Zona Ekonomi Khusus di Indonesia – Selama lima tahun terakhir, pemerintah Indonesia telah mengembangkan secara pesat Jawa Tengah untuk kawasan industri baru di JawaSelama kunjungannya ke wilayah Jawa Tengah, President Joko Widodo Mendorong pemerintah daerah untuk membangun lebih banyak infrastruktur dan menawarkan lebih banyak fasilitas untuk memanfaatkan Jawa Tengah sebagai idola baru bagi kawasan industri Indonesia.
“Kita perlu memikirkan cara memberikan lebih banyak insentif kepada investor untuk kawasan industri Jawa Tengah,” kata
Joko Widodo saat berkunjung Kawasan industri Jawa Tengah on June 2020 (source: Wartakota).
Perkembangan pertama dari Kawasan industri Jawa Tengah dimulai dengan Kawasan Industri Kendal, seluas 2.200 hektar.yang diresmikan oleh Indonesia President Joko Widodo and Perdana Menteri Singapura Lee Hsien Loong Pada tahun 2016, tiga tahun kemudian, pemerintah Indonesia mengakui Kawasan Industri Kendal sebagai zona ekonomi khusus baru di Indonesia. Status ini sangat menguntungkan bagi para investor karena mereka dapat memperoleh lebih banyak insentif pajak dan fasilitas tambahan untuk industri mereka di kawasan ini. Sudah ada 62 perusahaan yang mendirikan industri manufaktur mereka di Kawasan Industri Kendal. Diharapkan Kawasan Industri Kendal dapat menyediakan hingga 500.000 tenaga kerja dalam waktu dekat, yaitu pada tahun 2025.

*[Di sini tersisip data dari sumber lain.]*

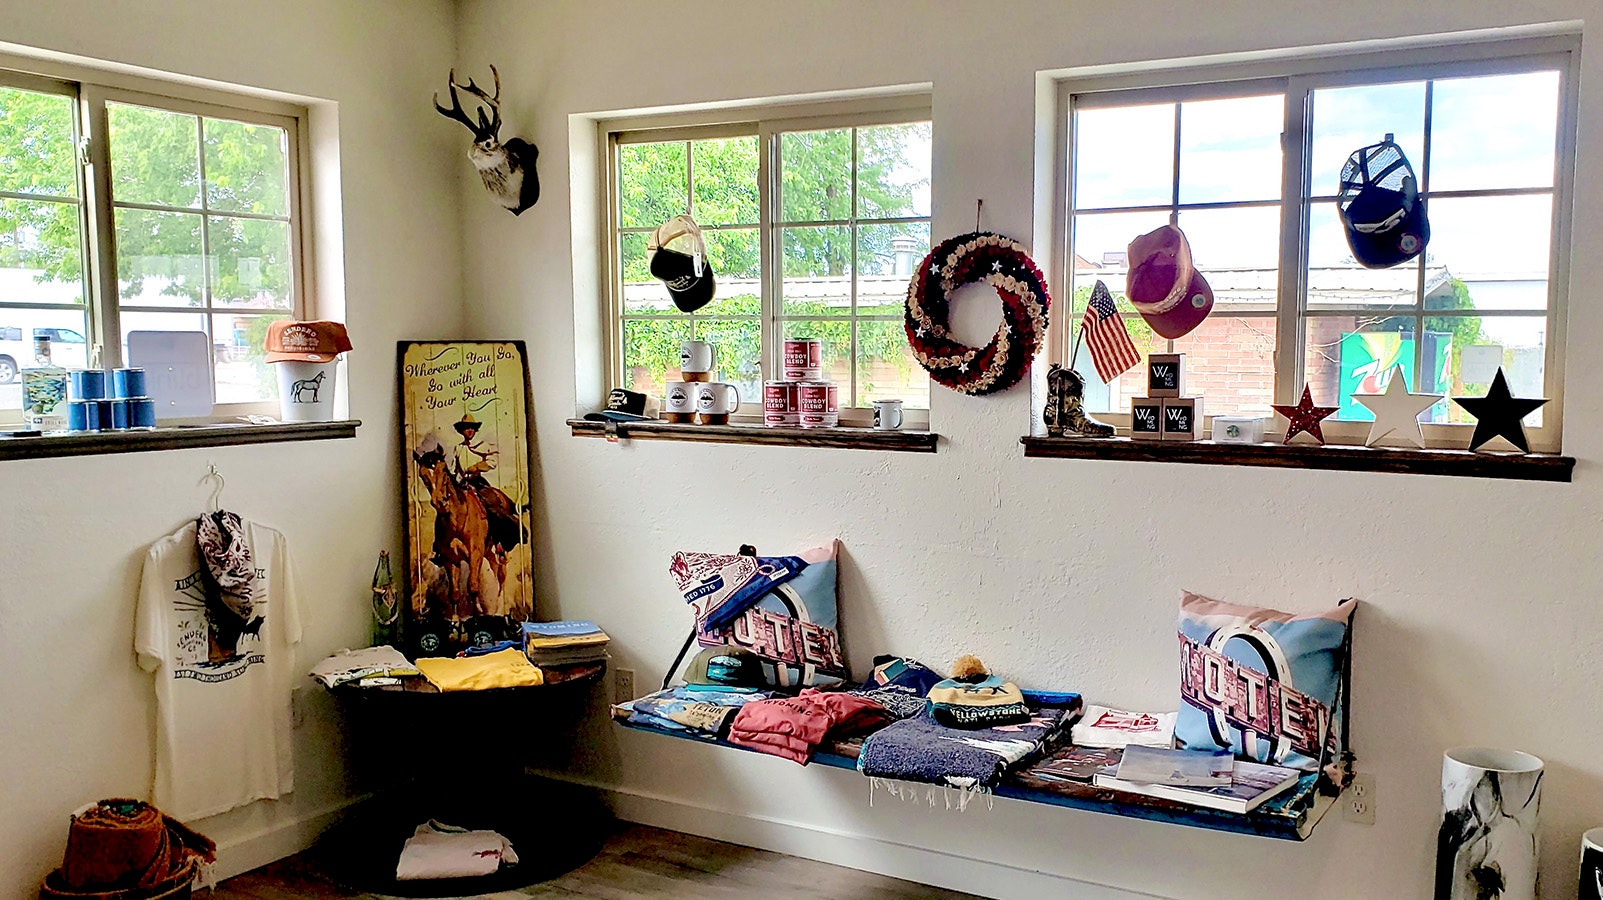 A variety of handmade items and other souvenirs are available for sale in the motel office.

Bupati Kendal, Mirna AnnisaIa mengatakan bahwa wilayah tersebut menaruh harapan pada Taman Industri Kendal untuk mendorong pertumbuhan ekonomi mereka. Ia percaya bahwa wilayah tersebut dapat mencapai pertumbuhan ekonomi sebesar 12% di masa mendatang. Menurutnya, pendapatan daerah akan meningkat dari insentif pajak dan investasi yang masuk ke zona ekonomi khusus di Kendal. Selain itu, tingkat pengangguran juga akan menurun karena pada tahun 2019, angka tersebut sudah turun sebesar 14% (sumber: Kontan).

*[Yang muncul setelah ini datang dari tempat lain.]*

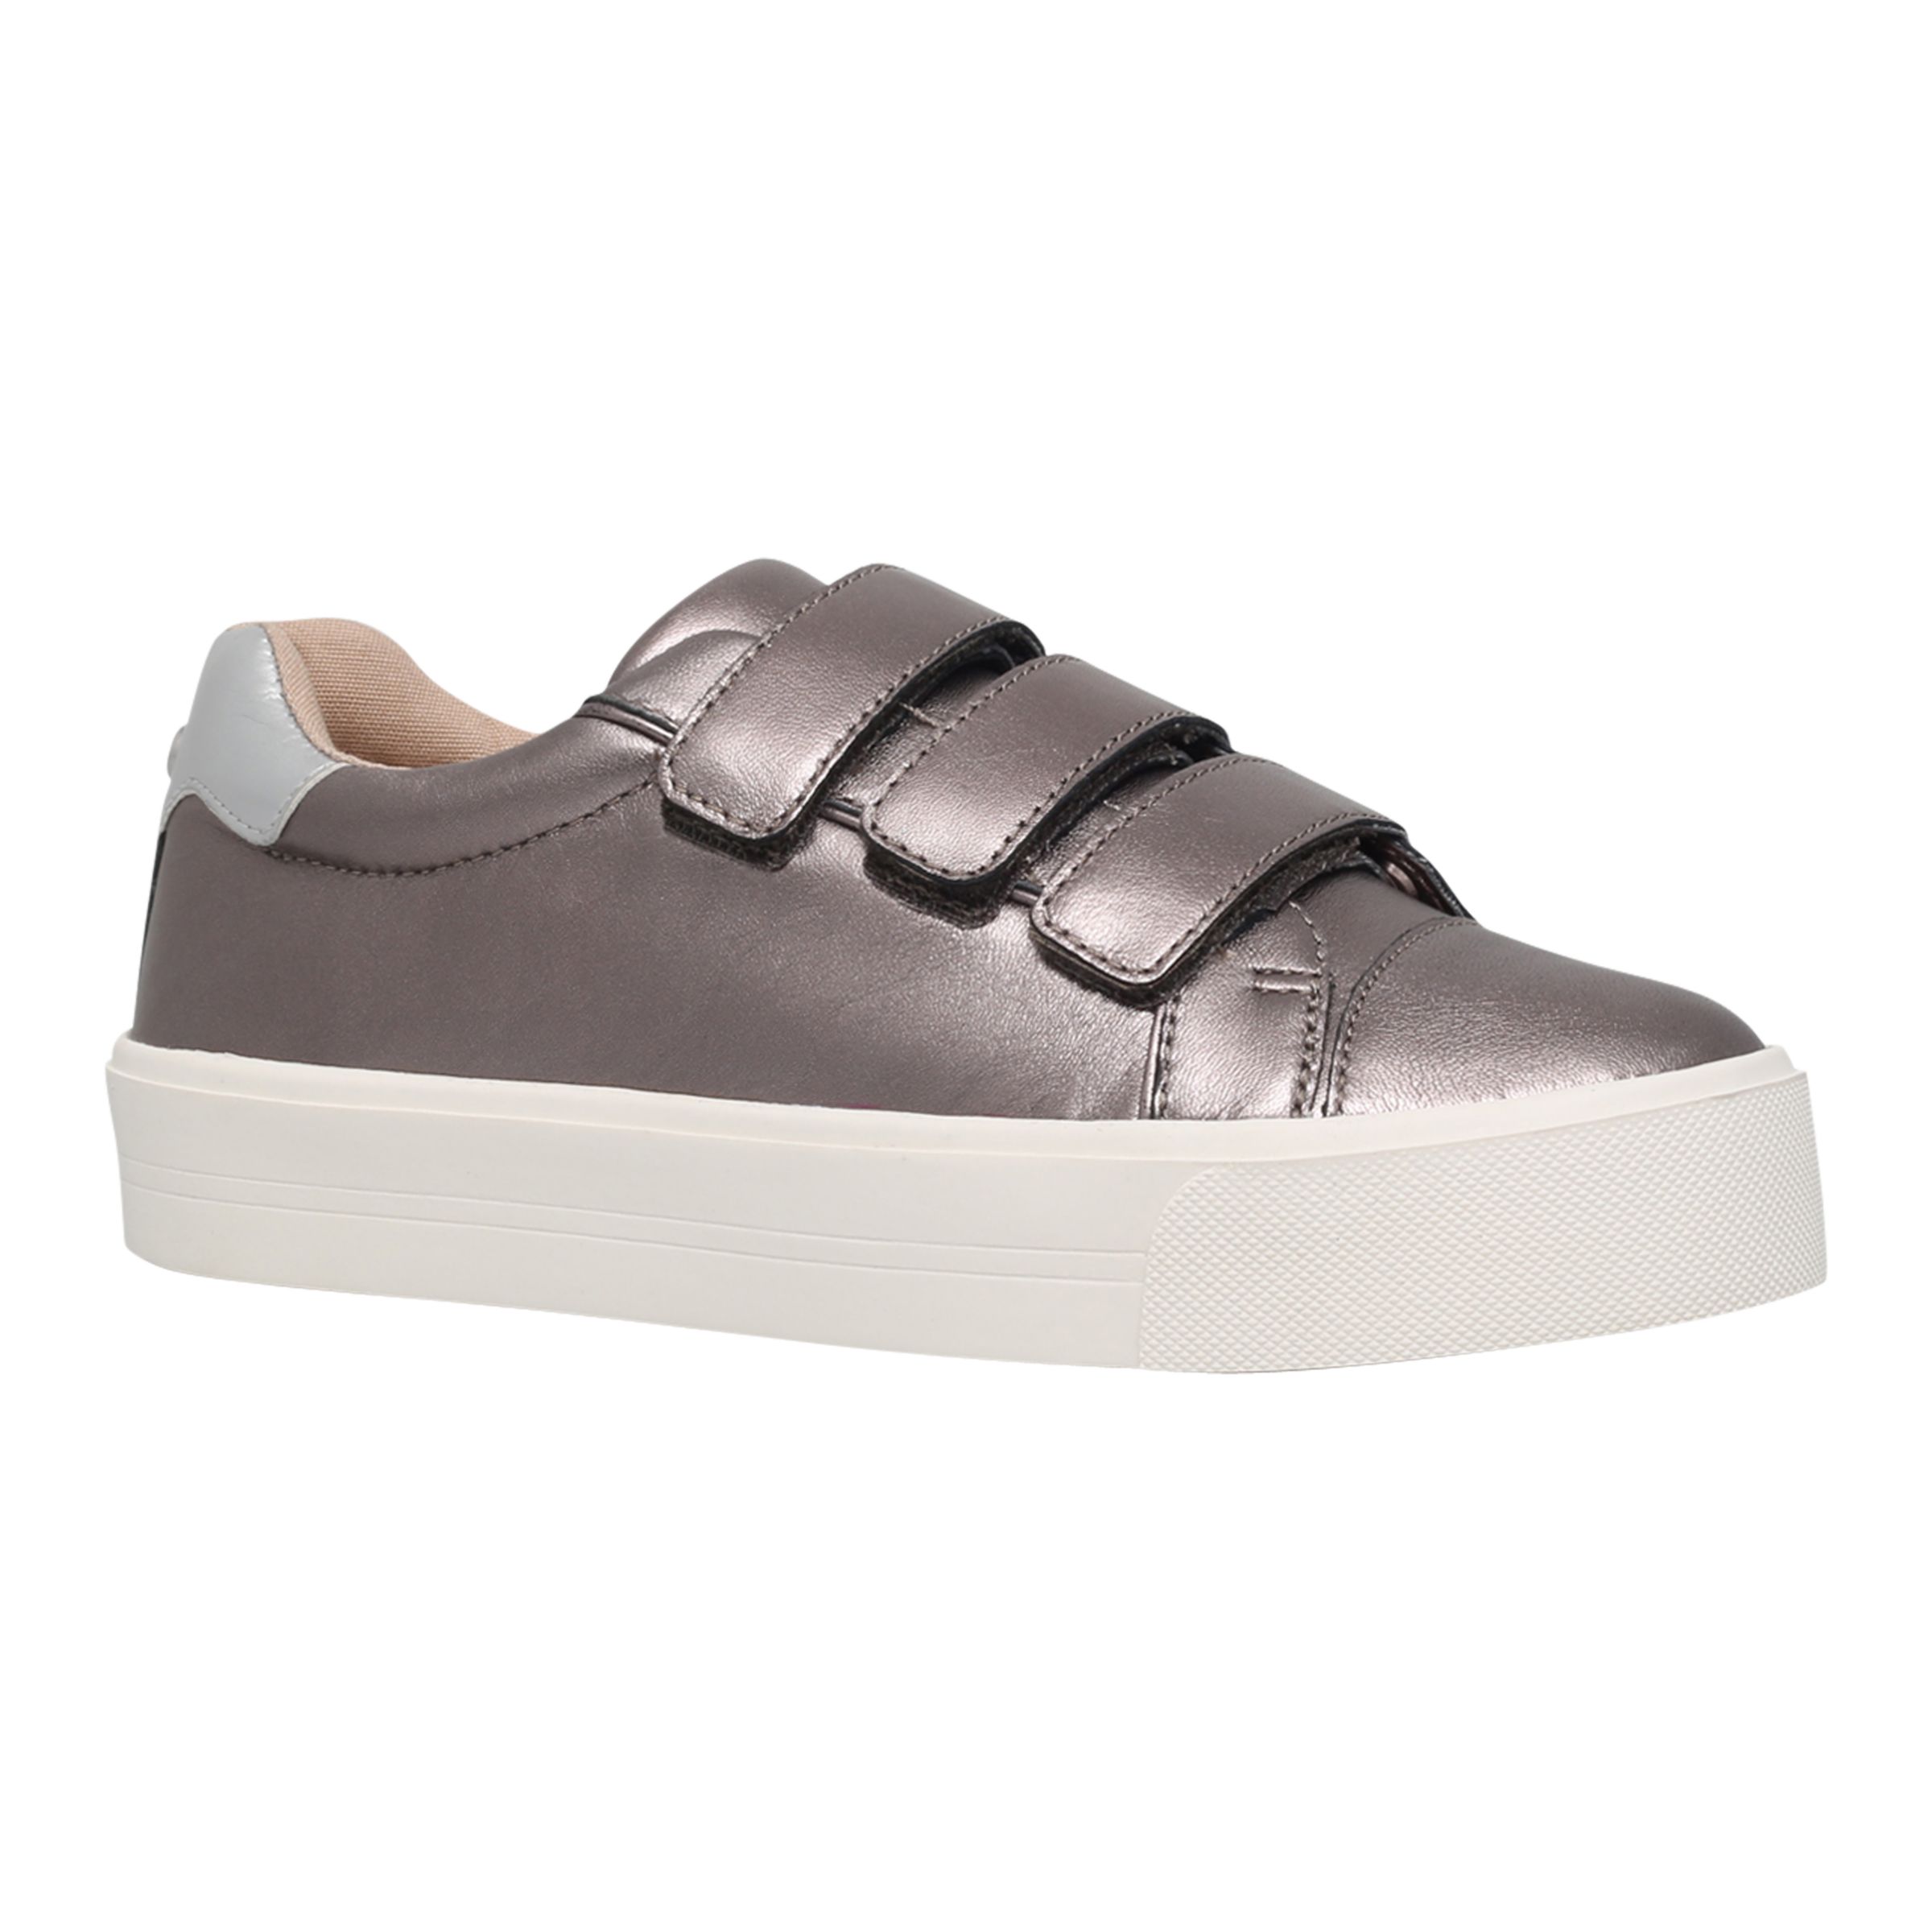 Carvela Lily Leather Sports Shoes, Pewter, 5

Kepala dari Kamar Dagang dan Industri Indonesia (KADIN) Untuk wilayah Jawa Tengah, Kunkrit Suryo Wicaksono, mengatakan bahwa perkembangan di Kawasan Industri Kendal sangat menjanjikan. Ia melanjutkan, proses pengembangan kawasan industri Jawa Tengah yang sedang berlangsung akan menjadi harapan bagi perbaikan ekonomi pasca krisis COVID-19. Hal ini dapat meningkatkan kondisi ekonomi lokal dengan menjaga agar para produsen tetap beroperasi (sumber: Suara Merdeka). Selain itu, pengembangan dua kawasan industri Jawa Tengah lainnya di Brebes dan Batang juga dipandang sebagai pertanda baik bagi Jawa Tengah untuk terus menarik investor baru.

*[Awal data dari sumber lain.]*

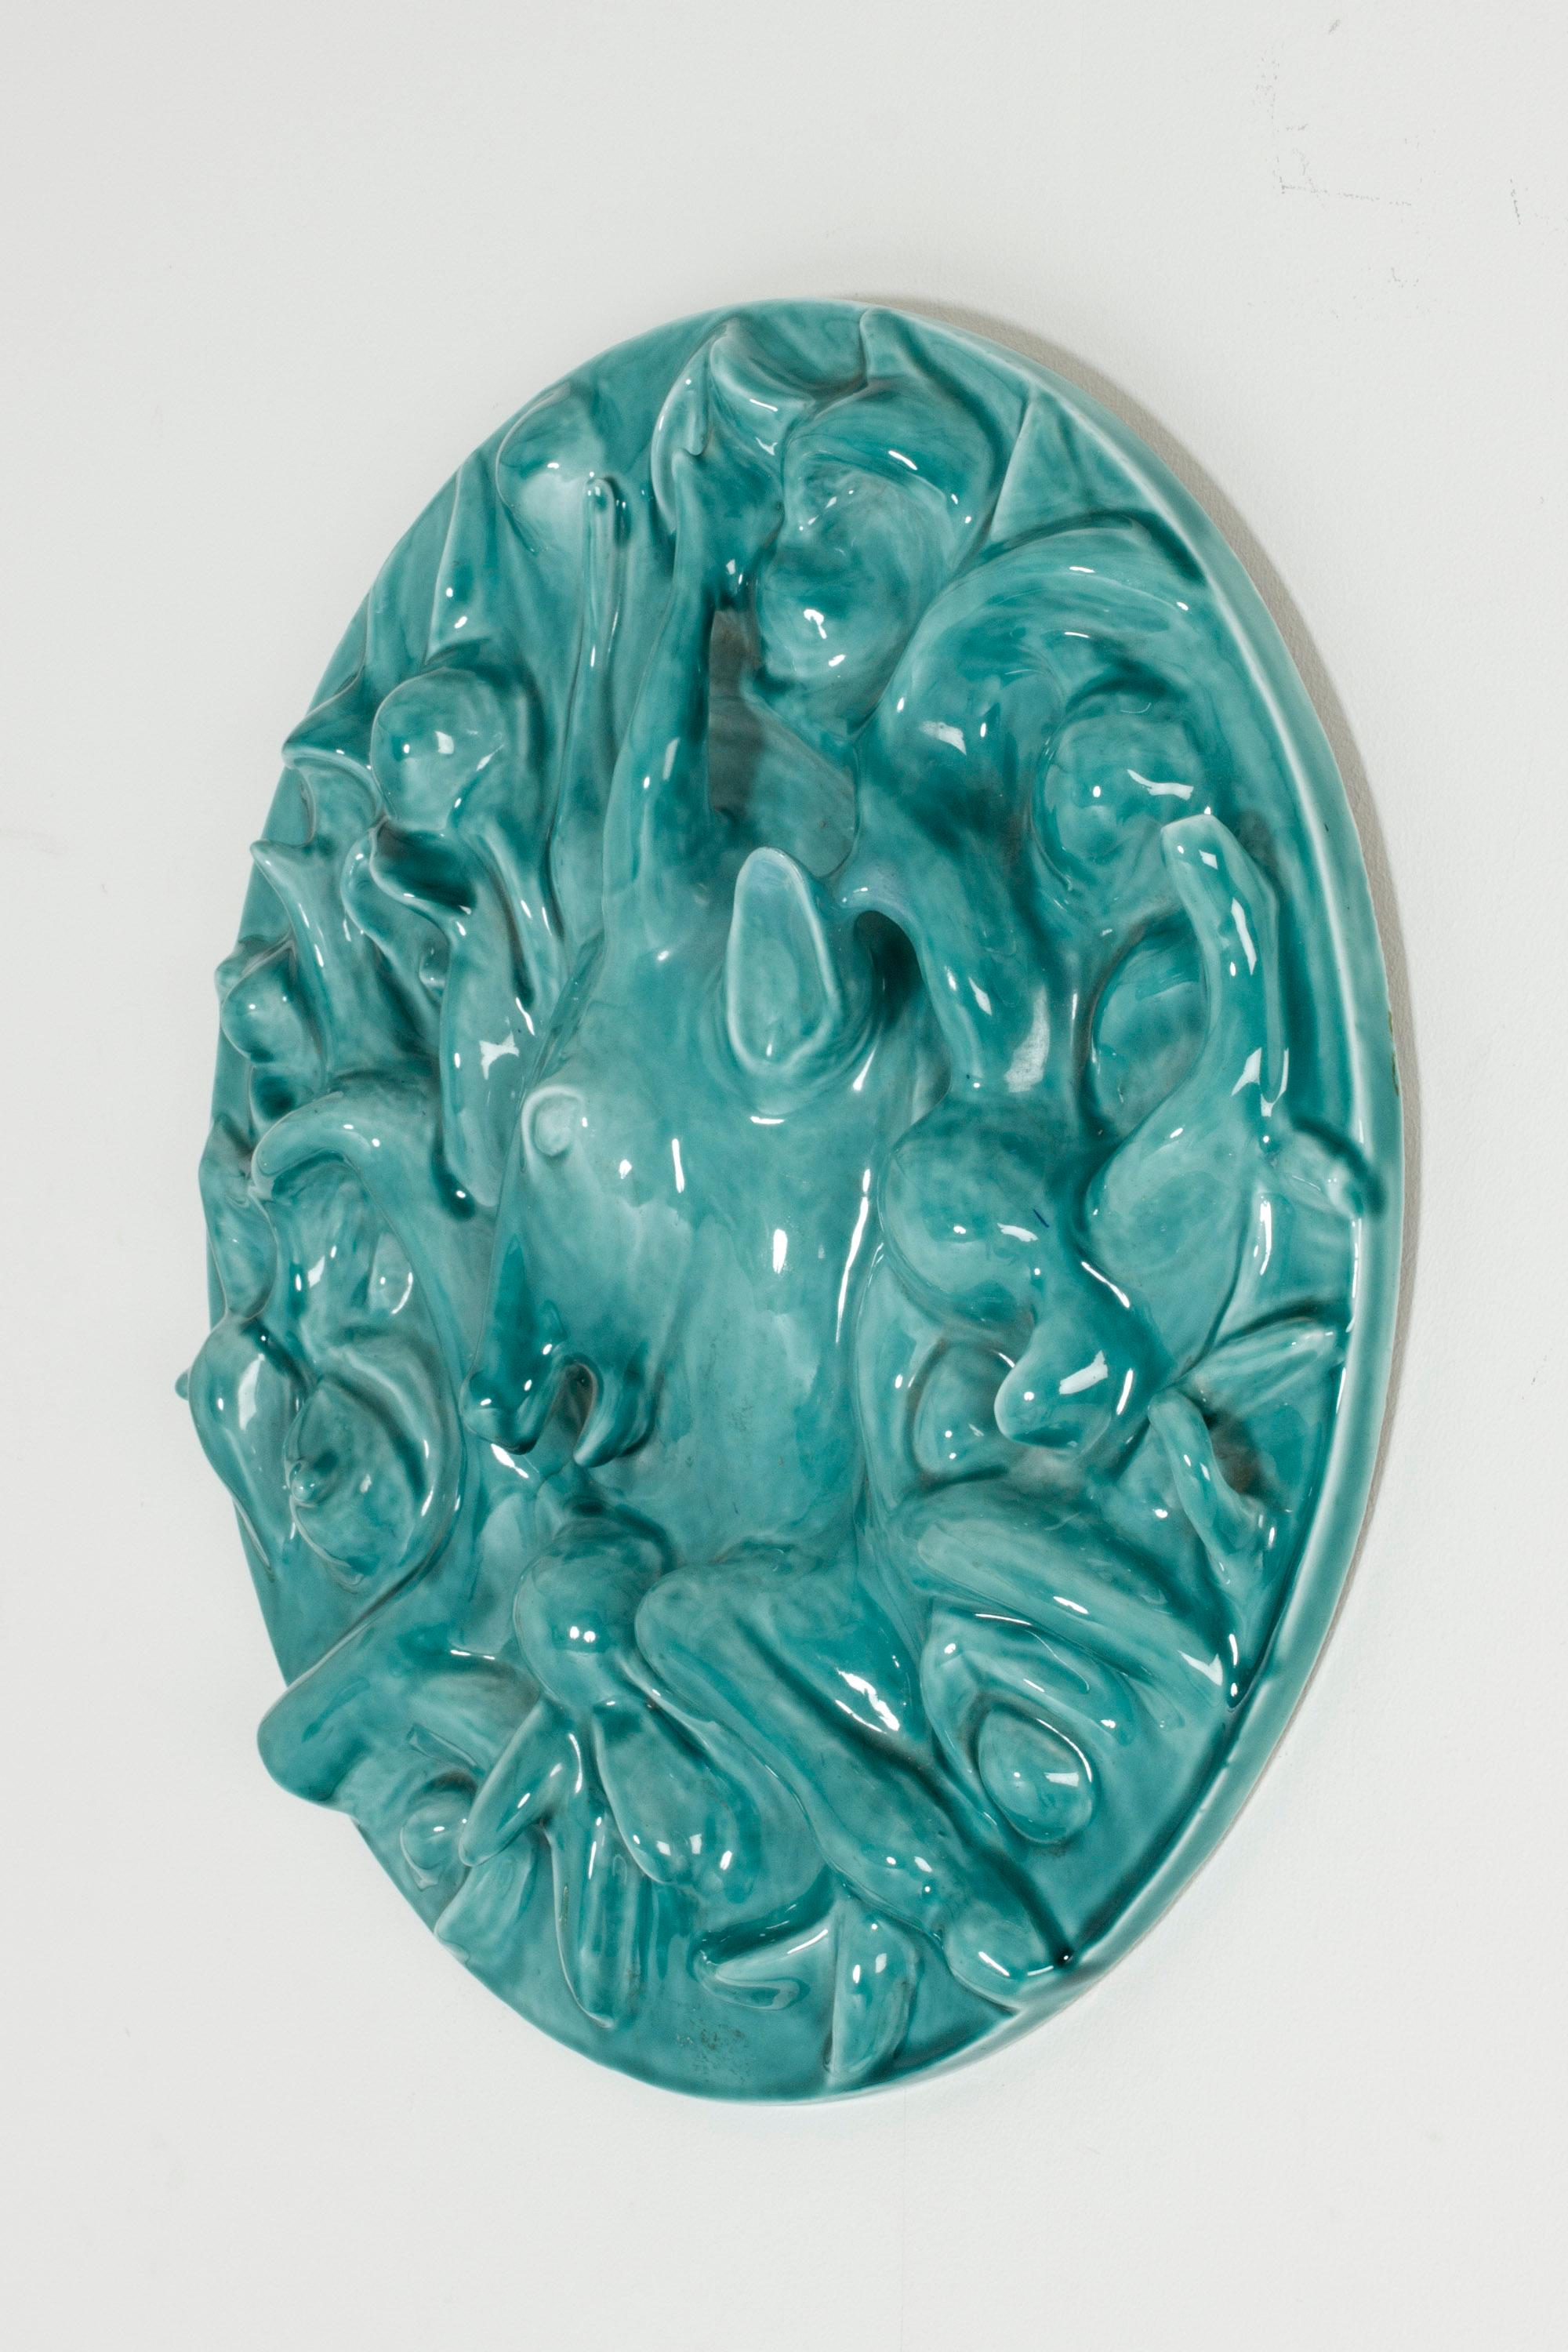 Striking stoneware wall relief by Axel Salto. Large round shape with motif of a deer in foliage, preparing to take a bite of an apple. Beautiful aquamarine glaze.

Selain peningkatan dari kawasan industri Jawa Tengah, Usaha Kecil dan Menengah (UKM) di Jawa Tengah juga berkembang pesat. Terdapat sekitar 3,5 juta industri kecil dan menengah lokal yang mendapat dukungan dari pemerintah. Kunkrit berharap perhatian pemerintah menjadi stimulus bagi sektor ekonomi untuk terus berkembang dan memperluas usaha. Ini juga merupakan kunci daya tarik Jawa Tengah di mata investor (sumber: Suara Merdeka).